UK retailers will today reveal lacklustre underlying sales growth for May, stoking fears that the fragile recovery in consumer spending may run out of steam after this month's emergency Budget.
The annual rate of retail sales at shops open more than one year grew by 0.8 per cent in May, following a fall of 2.3 per cent in April, which was distorted by the timing of Easter, a survey by the British Retail Consortium (BRC) and KPMG found.
But the subdued spending environment was highlighted by retailers being up against weak figures in May 2009, when like-for-like sales fell by 0.8 per cent. Total sales, including new stores and extensions, rose by 3 per cent last month.
Stephen Robertson, the director general of the BRC, said: "There is still plenty of uncertainty, which is making customers nervous about buying expensive goods, such as furniture, despite widespread reductions. This month's emergency Budget should provide more clarity."
Furniture and floor-covering retailers were the worst performers in May, as concerns over household budgets hit spending on big-ticket items. But grocers returned to growth last month after sales in April were dented by the Easter bank holiday starting in March.
Footwear and clothing also notched up gains, boosted by the sunshine in the second half of the month, although women's clothing lagged behind this sector as a whole.

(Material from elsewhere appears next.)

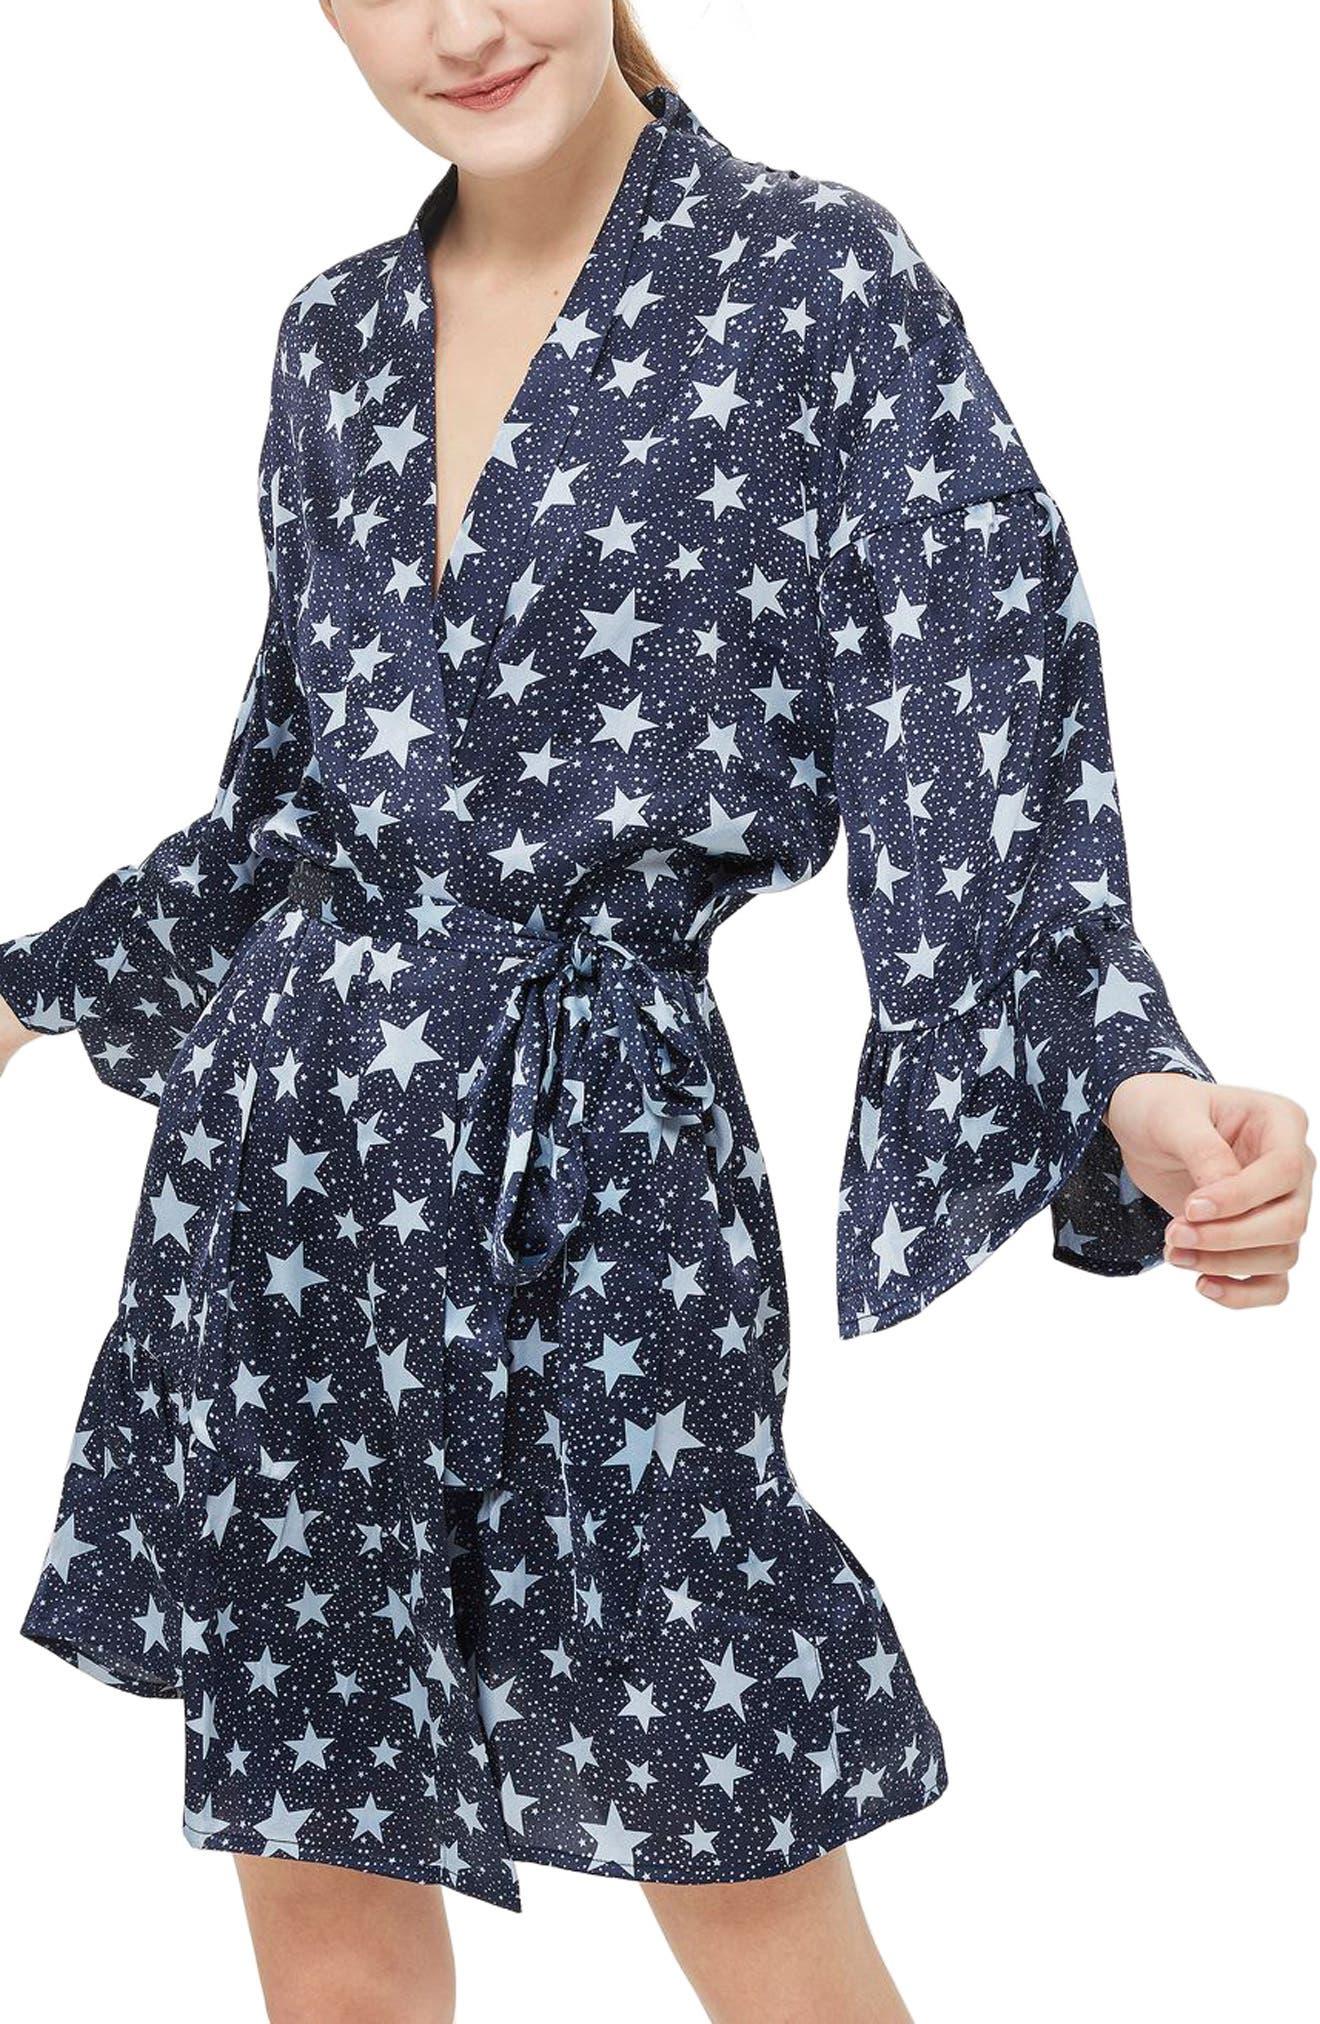 Star Satin Short Robe,                         Main,                         color, 410

Retailers of televisions received a pre-World Cup sales boost, although the BRC said this was largely driven by discounts.
Store groups are worried about the impact of the spending measures, particularly a hike in VAT, that the Government will introduce to slash the public sector deficit in the Budget on 22 June.
Helen Dickinson, head of retail at KPMG, said: "The election campaign did not shift consumer spending patterns much either one way or the other, but whether the forthcoming Budget will be more damaging remains to be seen. Many retailers remain reliant on promotional activity to drive footfall and sales."